До моста еще четверть мили. Над лагерем висели плотные стаи птиц. Их черные силуэты собрались вдоль края воды, наблюдая за ним. Сидя высоко в седле и возвышаясь над обломками, громоздящимися вдоль дороги, Натан Ли чувствовал себя будто висящим в воздухе.
Внезапно сбоку брызнули стекла передней фары «хаммера». Аппалуса шарахнулась влево, и Натан Ли с трудом удержал ее на ногах. Следом кто-то прошил железный бампер еще десятком предупредительных выстрелов. Пули прошли вдоль металлической обшивки, вспоров крыло длинными рваными ранами.
Натан Ли видел вспышки, но не слышал выстрелов. Он пытался уговорить сердце не колотиться так бешено, но не сумел. Его замутило. «Еще не поздно, — шепнул внутренний голос. Он мог укрыться за разбитой техникой, дождаться ночи, а потом снова выйти на шоссе. — Возвращайся домой!» Его еще могут пустить обратно. Прогнать через карантин. Вернуть к нормальной жизни. В этом было его очередное искушение.
Нет, назад его уже не примут. Натан Ли знал правила игры: ведь выехал он, не облачившись в «лунный» скафандр. К городу его даже близко не подпустят. Застрелят за пятьсот ярдов. Спуск в долину без защитного скафандра был его сознательным выбором, как и решение не инфицировать себя «Серумом-III». Оба этих шага давали ему некоторую защиту от вируса, но они же могли рано или поздно привести к гибели. По скафандрам паломники открывали огонь без раздумья, лишь завидев их. Что касается сыворотки, она дала бы ему трехлетнюю отсрочку, но он не был уверен, что по ее истечении проживет еще хоть несколько минут, не говоря уж о годах. А главное, не было у него тех сорока восьми часов, которые требовались его иммунной системе, чтобы ускорить образование антител. К тому же Натан Ли боялся: ему не хватит мужества. Сорок восемь часов — слишком долгий срок, чтобы удерживать над запястьем бритву.
В любом случае «Серум-III» и скафандр представлялись ему неверным решением. С ними или без, он вторгался в страну мертвых. Подлинной альтернативой было — пребывать в безопасности или спуститься в долину, но даже в этом случае выбор был нулевым. Остаться в Лос-Аламосе значило умолять Окса или генералов явить милость, которая давно перестала быть действенным понятием.
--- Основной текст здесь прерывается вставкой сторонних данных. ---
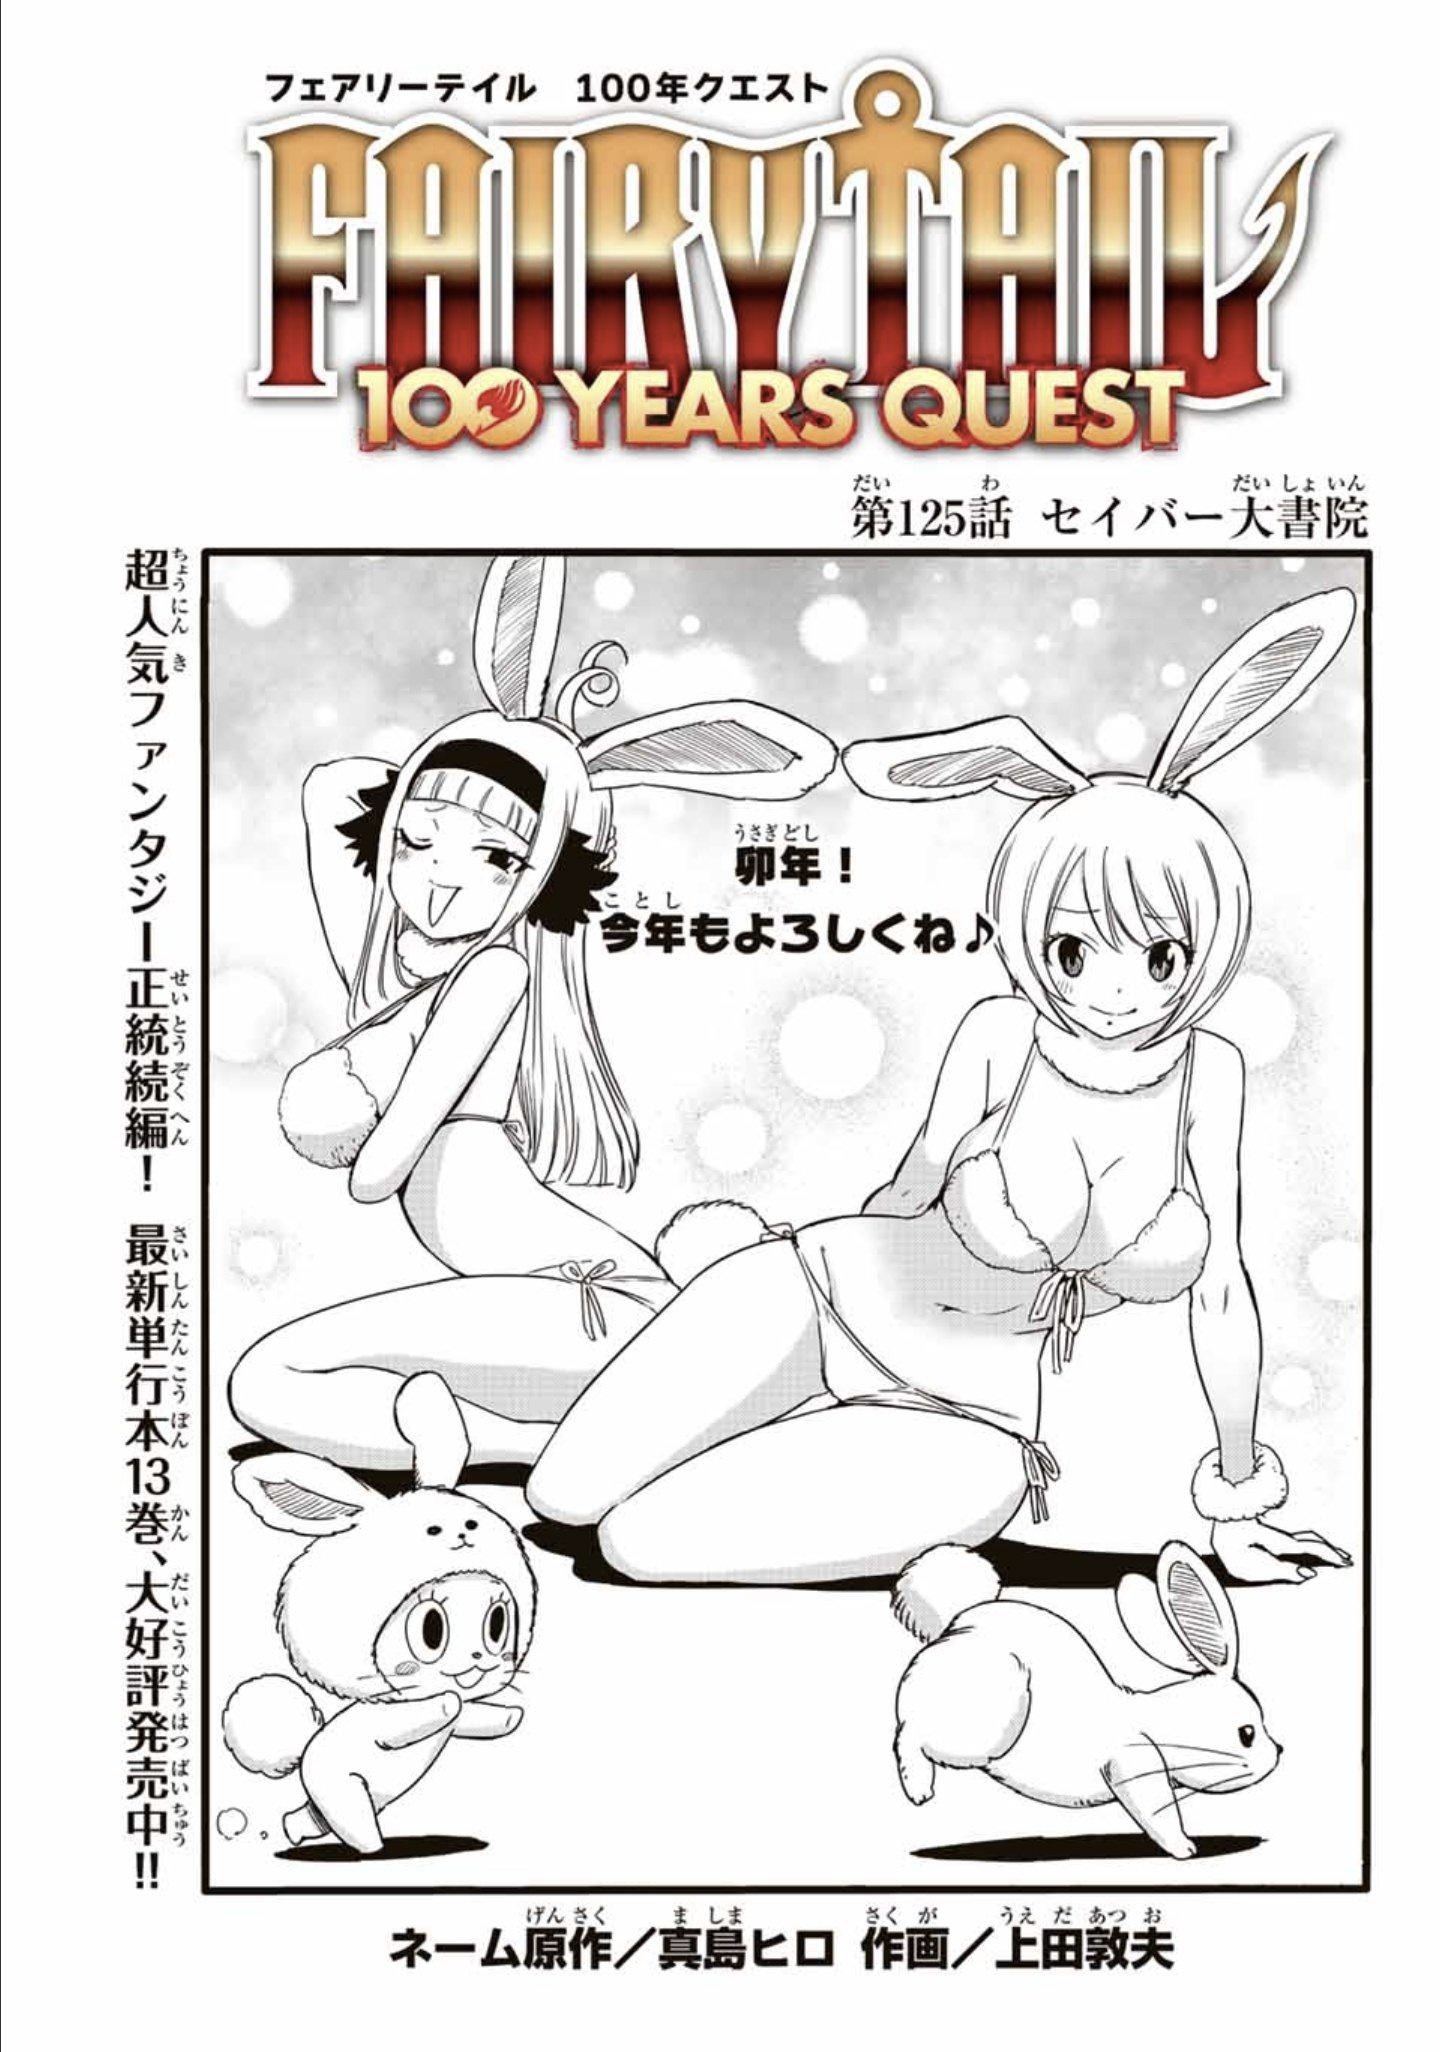 FAIRY TAIL: 100 Years Quest 11: Mashima, Hiro, Ueda, Atsuo
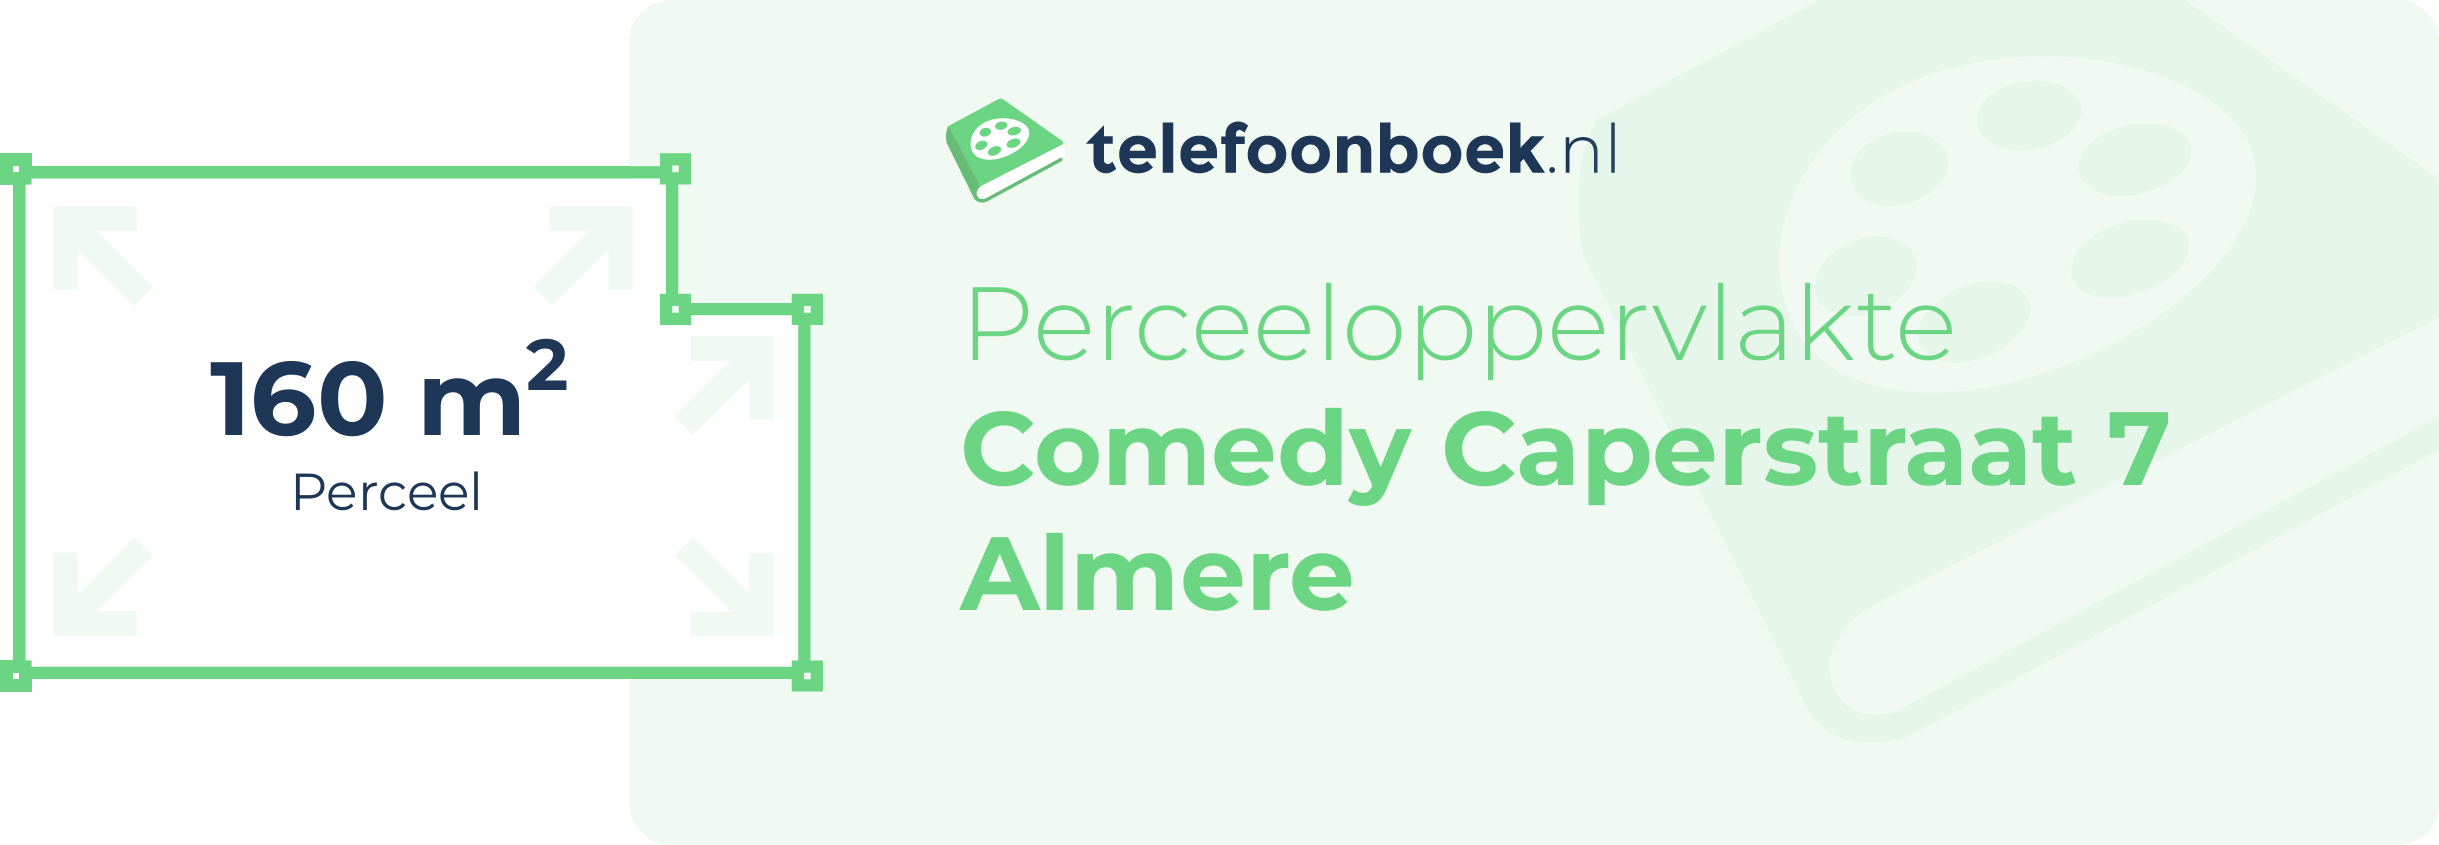 Perceeloppervlakte Comedy Caperstraat 7 Almere
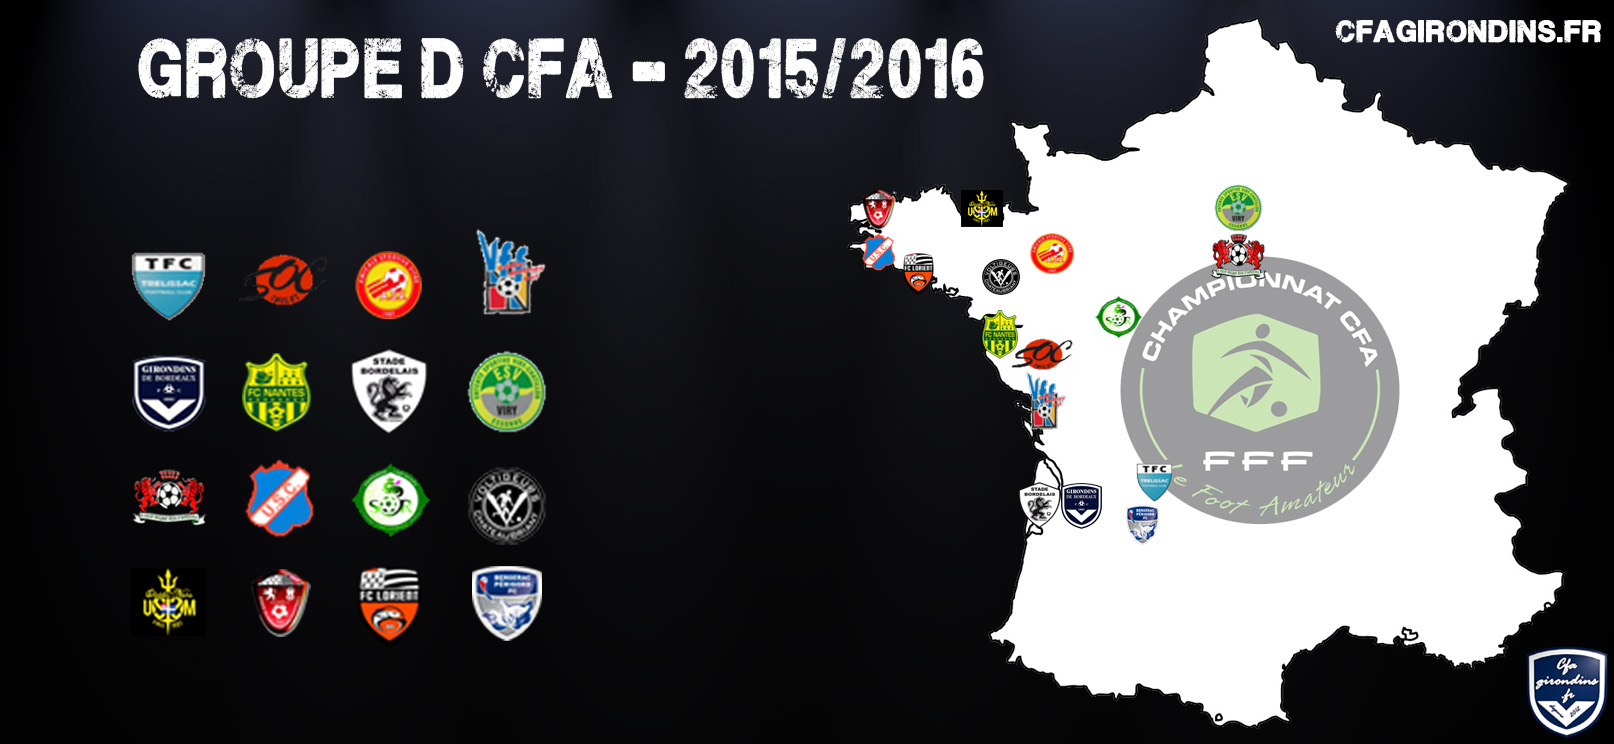 Cfa Girondins : CFA : Présentation du groupe D - Formation Girondins

И дело даже не в том, что они были безнадежно злыми людьми, какими-то монстрами. Натан Ли никогда не верил в Бога. Теперь стало еще хуже: он не верил в черта. Из дьявола сделали отличного козла отпущения, но Великий обманщик был выдумкой, еще одной попыткой затолкать вселенную в коробку из-под обуви. Масштабы человека годятся для измерения дверных проемов, а не силы страданий. В конечном счете, гибель человечества не была рукотворной, предначертанной небесами или состряпанной в аду — это всего лишь украденная частичка белка.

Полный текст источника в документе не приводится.